*** AVAILABLE DATA ***

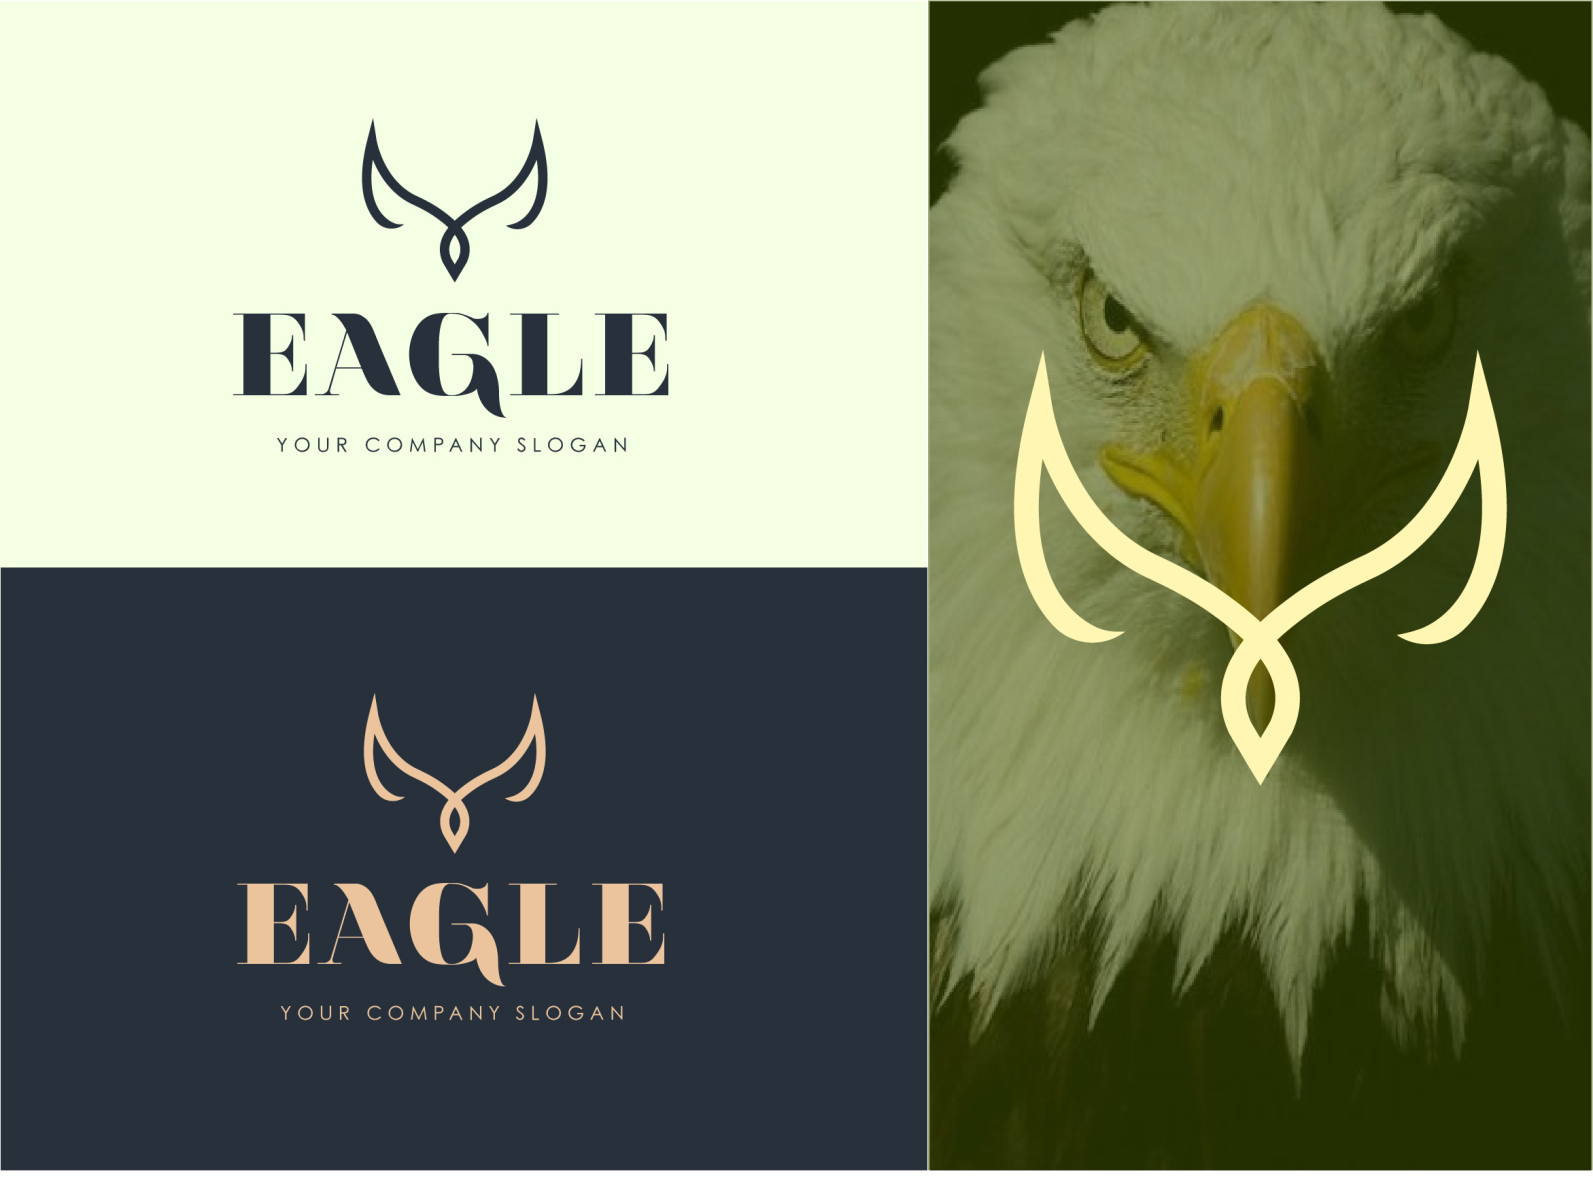 Eagle logo, Vector Logo of Eagle brand free download (eps, ai, png, cdr)  formats
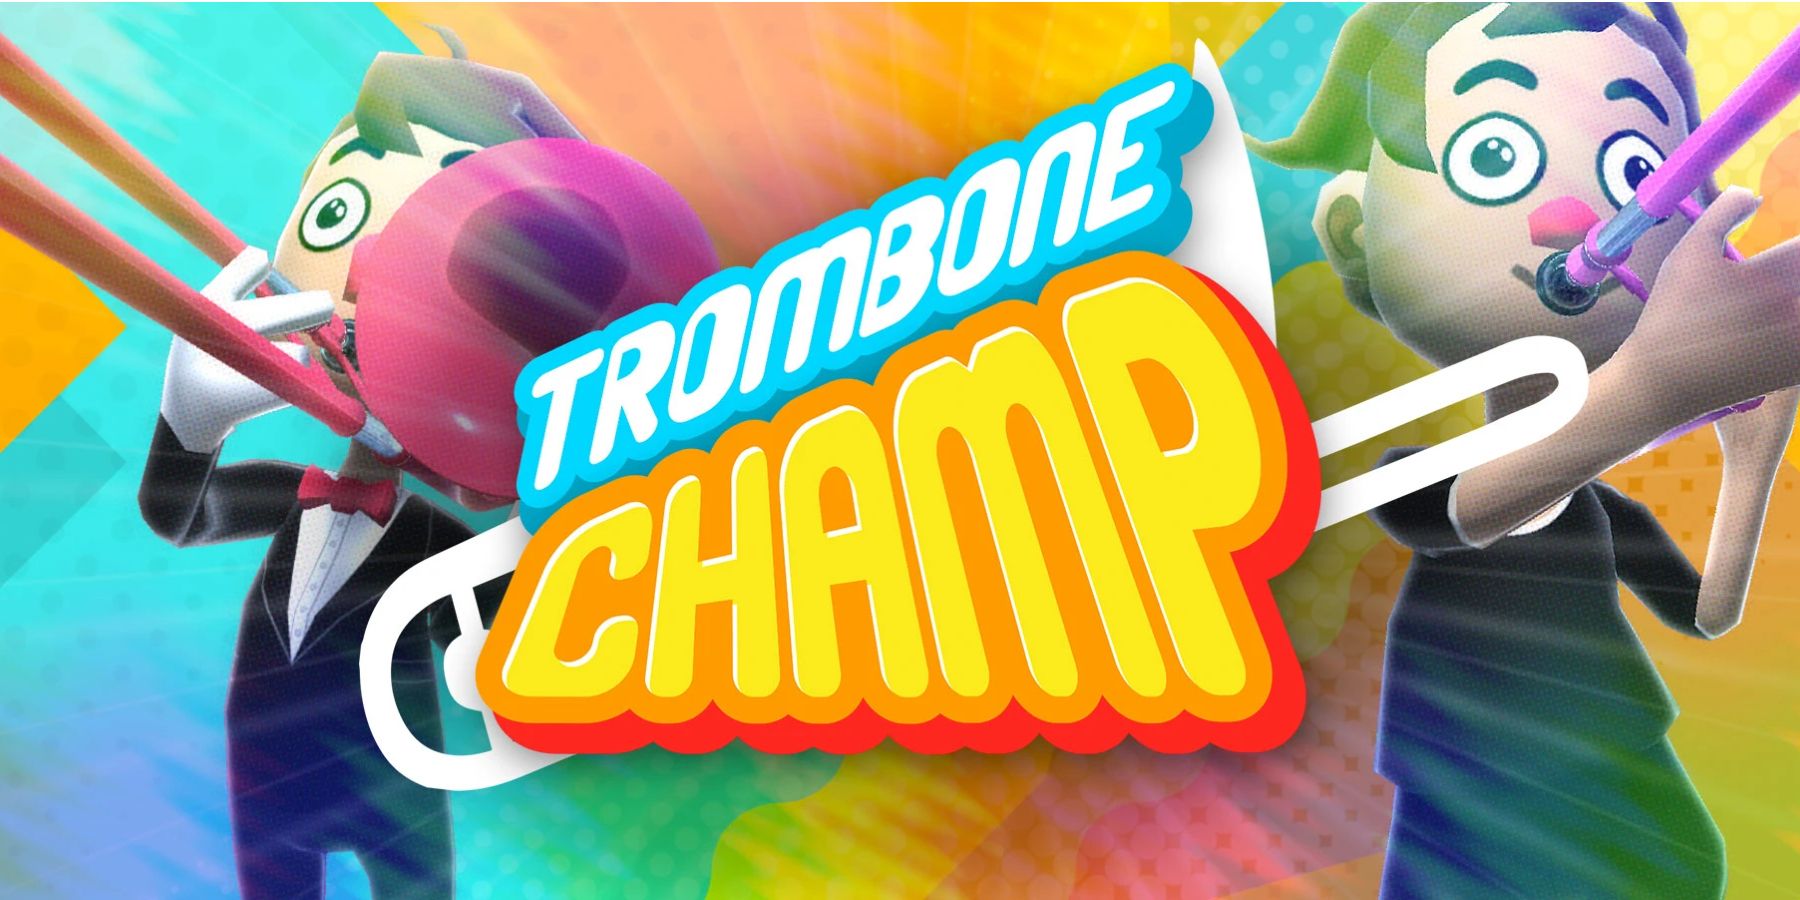 trombone champ
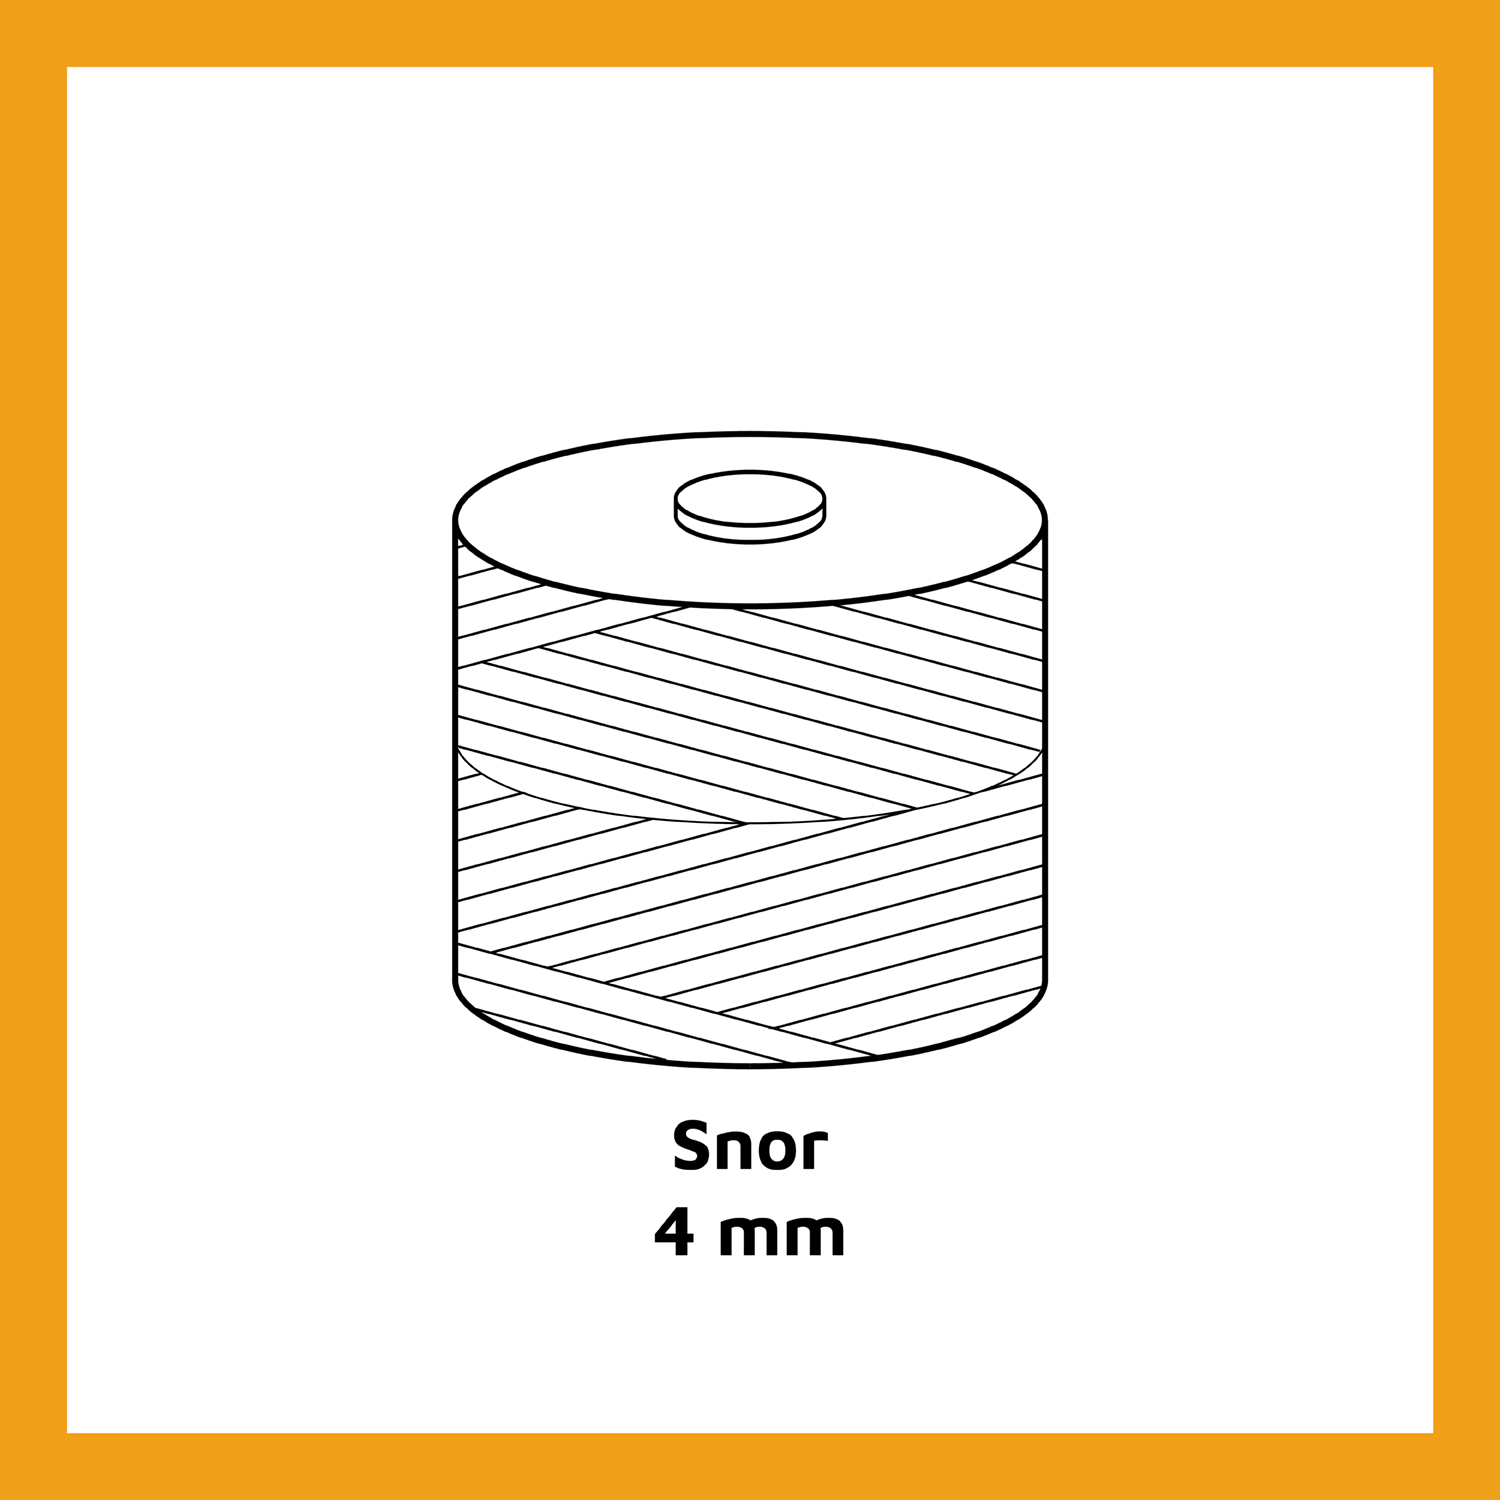 Snor - 4 mm

***

● DESCRIPTION OF THE TASK
The full listing, transcribed exactly and without its pictures, is the expected result.

● ANSWER SPACE
 Eagle logo, Vector Logo of Eagle brand free download (eps, ai, png, cdr)  formats
 trombone champ
 Snor - 4 mm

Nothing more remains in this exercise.